Optimisation of the Post-injection during the Particle Filter Regeneration can reduce the Fuel Entry into the Engine Oil of Passenger Car Diesel Engines

The effects of the splitting of the engine-internal „late” post-injection in regeneration mode during the operation with the fuel blends B7, B10 and B30 (admixture content of RME from 7, 10 and 30 %-vol.) on the fuel entry into the engine oil as well as on the change in the oil viscosity were examined in stationary test runs at the Institute for Mobile Systems IMS, Chair of Reciprocating Machines at the Otto-von-Guericke University Magdeburg. The project was financed by the Union zur Förderung von Öl- und Proteinpflanzen e.V. (UFOP).

The bench tests, which were carried out in an operating point with small engine load in the regenerating mode, showed that the fuel entry increased into the engine oil with increasing RME content of the fuel. In this case the RME-concentration increased in the engine oil whereas the DF-concentration decreased.

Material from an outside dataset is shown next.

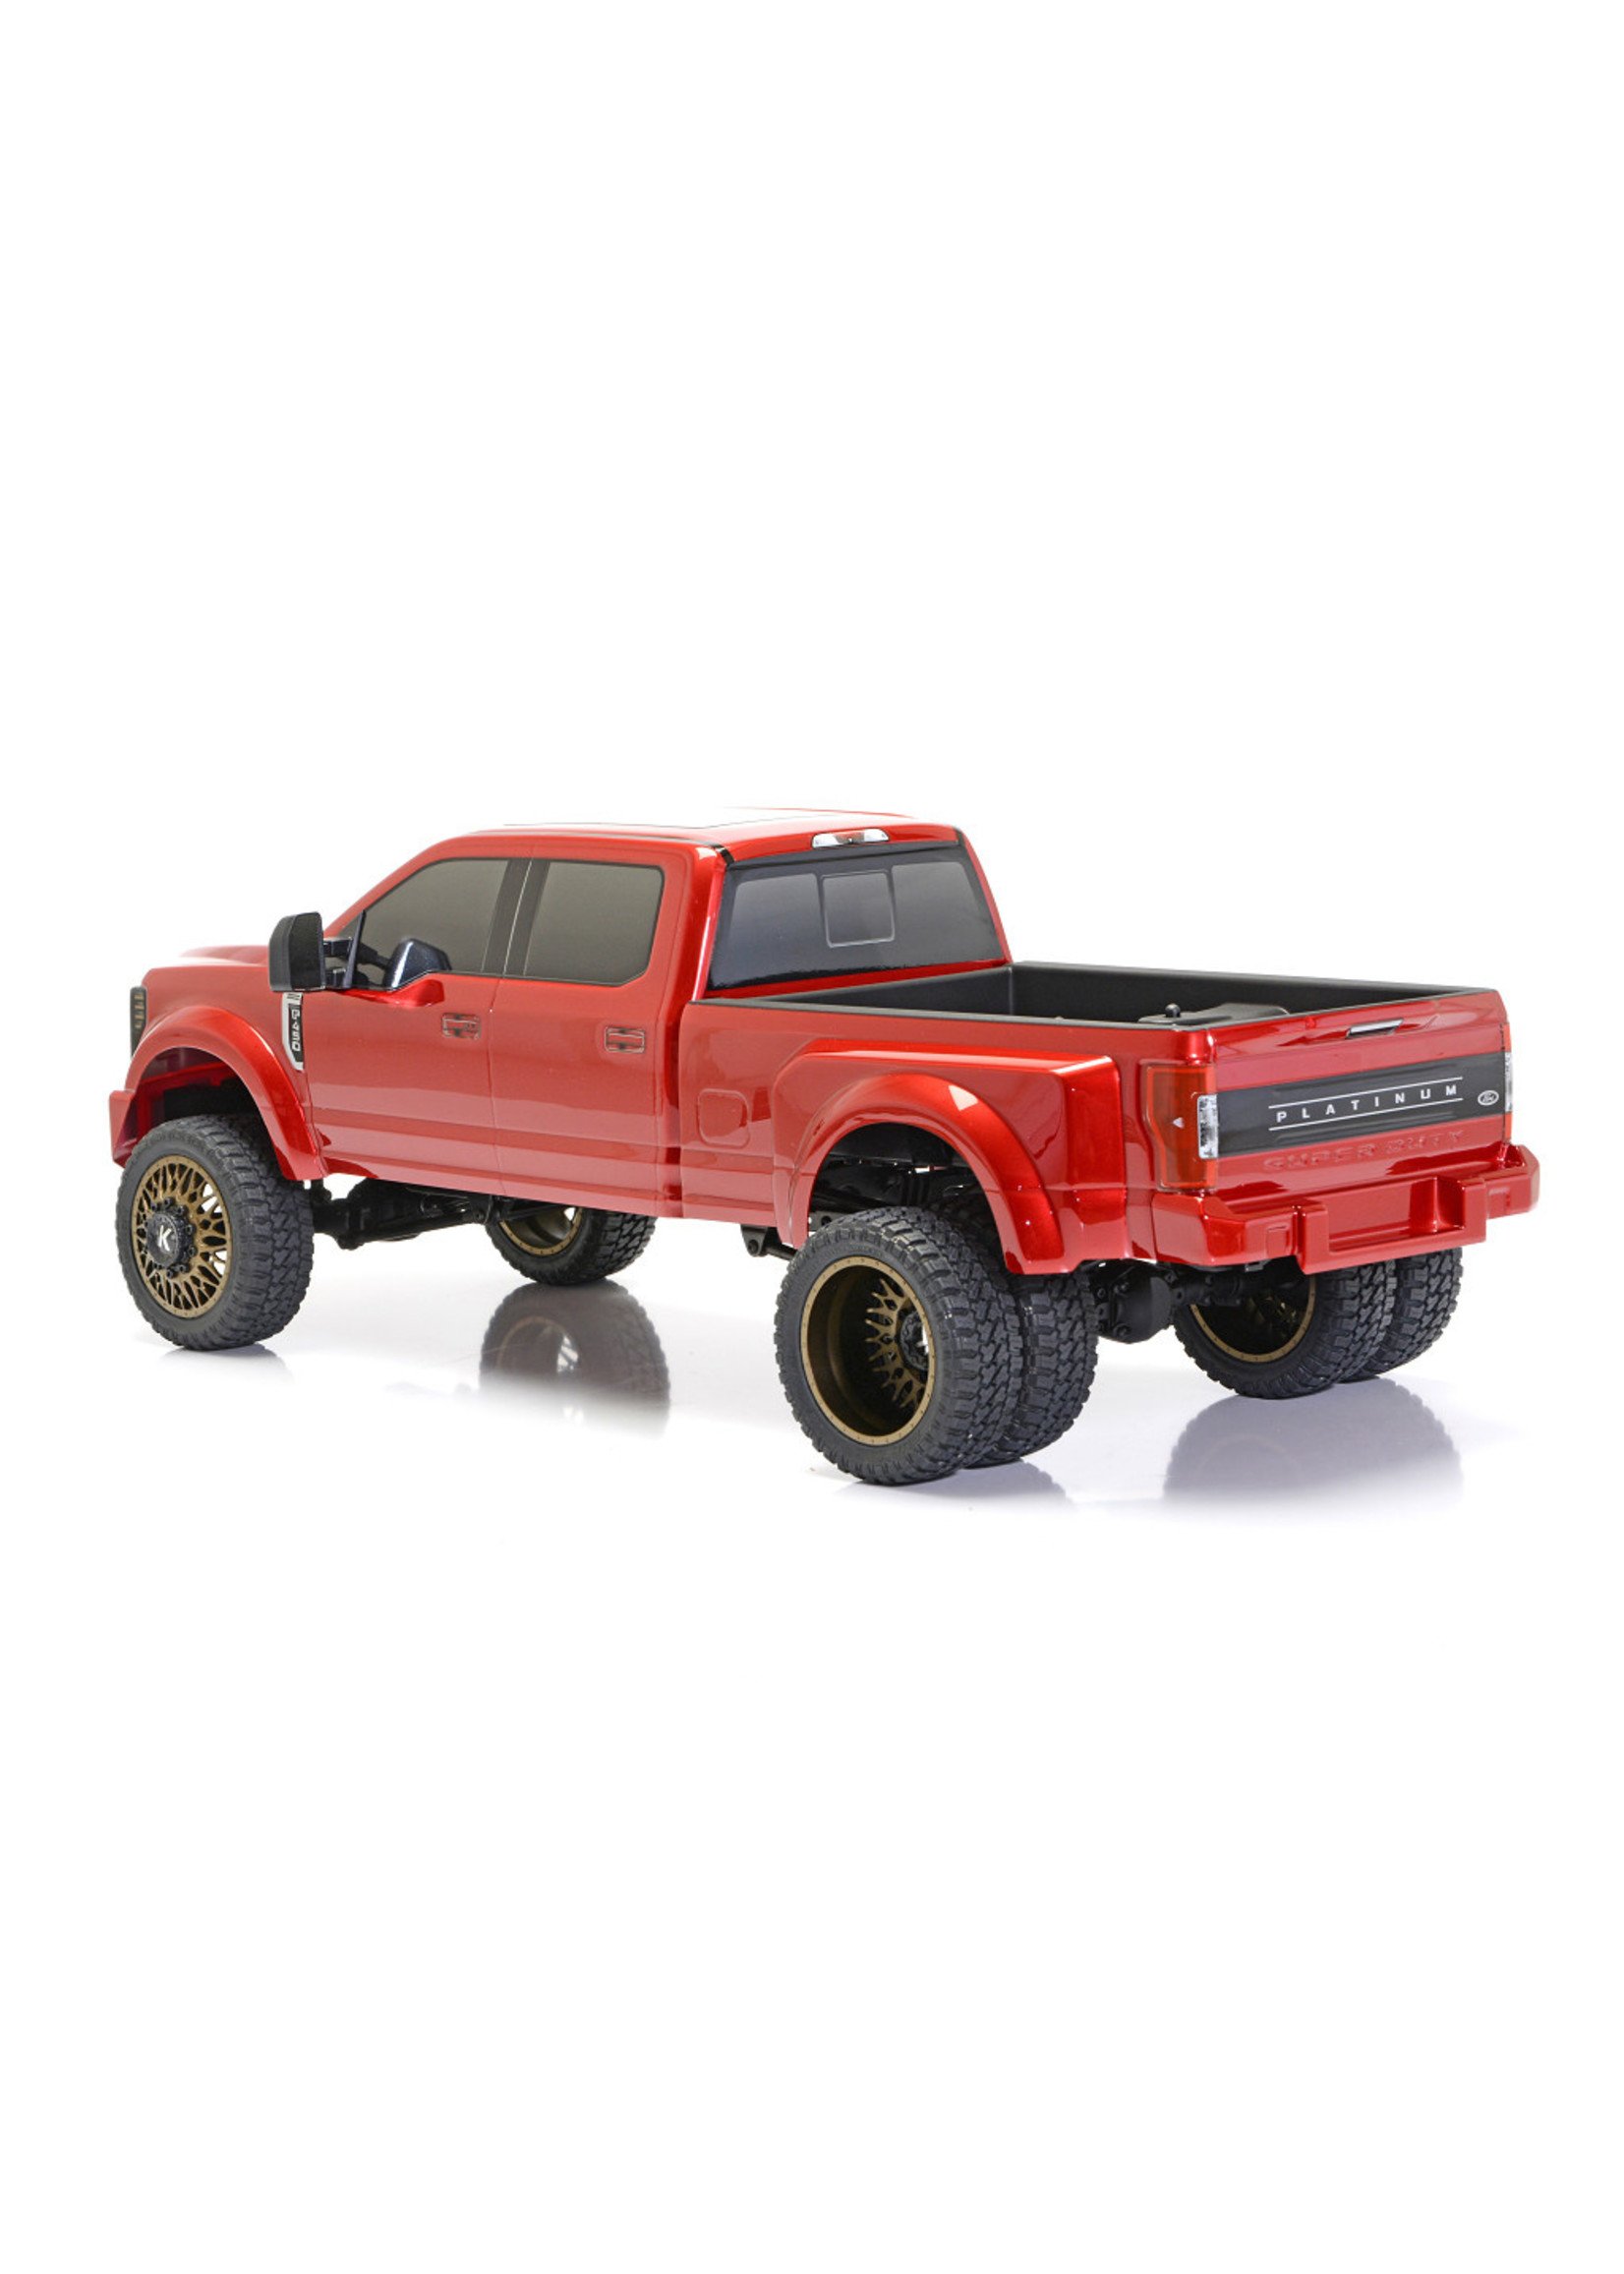 CEN Racing 1/10 Ford F450 4WD Solid Axle RTR Truck - Red Candy Apple

The splitting of the late post-injection in two partial injections lowered the fuel entry into the engine oil in comparison with a late undivided post-injection during operation of the engine with B7 by approx. 20 % and with B30 by approx. 27 %. In this case also the injection data of the late post-injection were optimised apart from the fuel mass. The splitting affected specially positively with high RME contents in the fuel.

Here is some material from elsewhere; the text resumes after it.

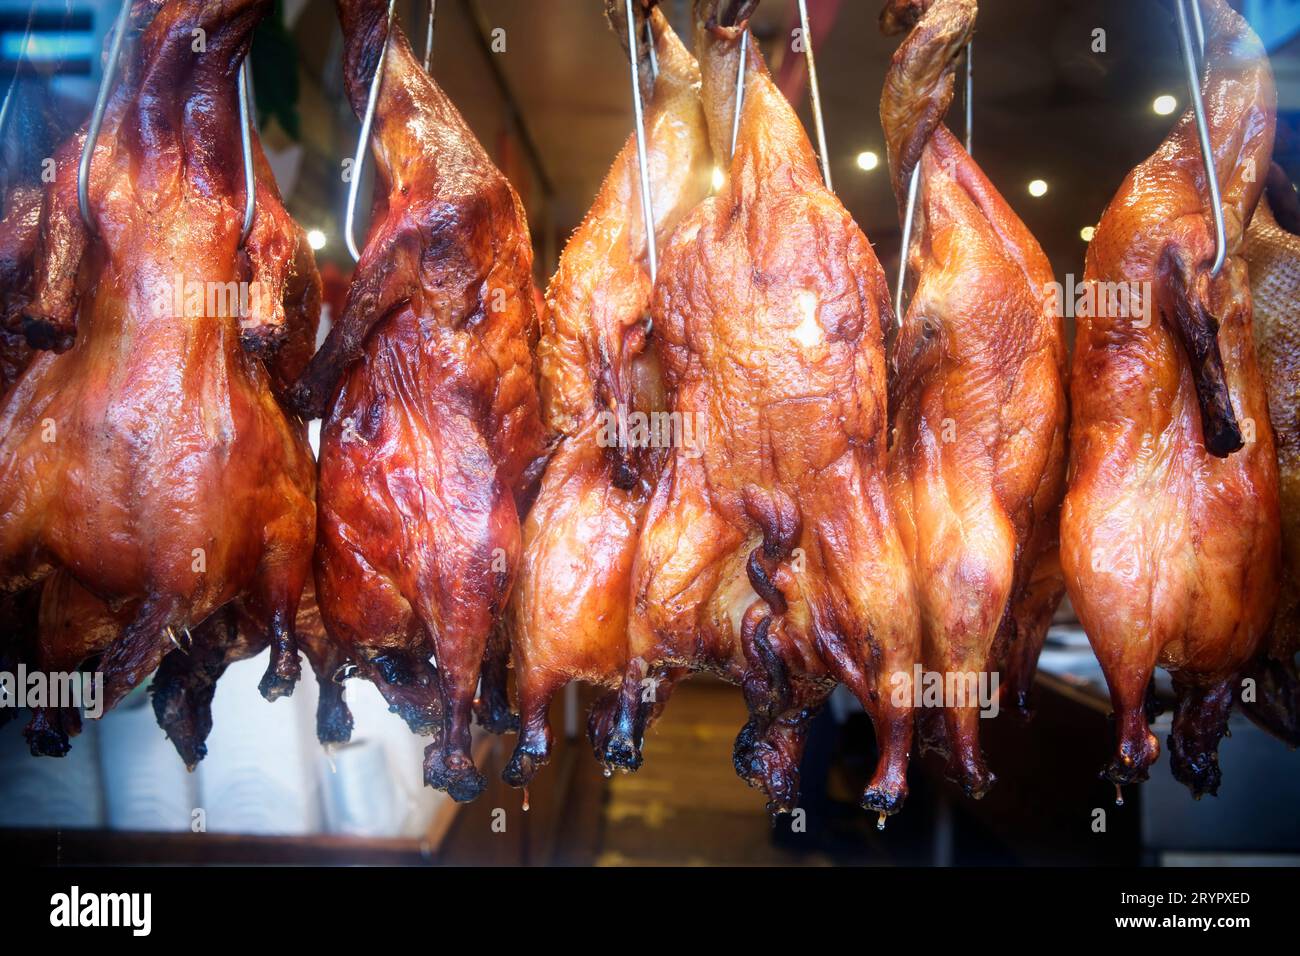 Close up of hanging roasted chickens in a store front window, Chinatown, San Francisco, CA. Stock Photo

The stationary test bench tests revealed that the optimisation of the late post-injection in the area of the exhaust stroke can reduce the fuel entry into the engine oil. However, they also clearly demonstrated that the early post-injections subsequent to the main injection can have a considerable share in the engine oil dilution if partial amounts of the fuel jets encounter the cylinder wall. The early post-injections should be incorporated in future potential investigations. However, the emissions, the consumption and the vehicle handling must not impact negatively.

Explanation:

Diesel particle filters (DPF) in passenger cars and light commercial vehicles require an active regeneration in order to burn the soot, which was retained from the filter during the normal driving. Since the exhaust-gas temperature does not suffice frequent in spite of the catalyst coating of the filter material, fuel is injected if needed into the cylinder after the actual combustion procedure. This so-called engine-internal post-injection is leading, however, to a forced fuel entry into the engine oil. Due to the higher boiling-range of the biodiesel this effect leads to a critical engine oil dilution during the operation with high biodiesel additions.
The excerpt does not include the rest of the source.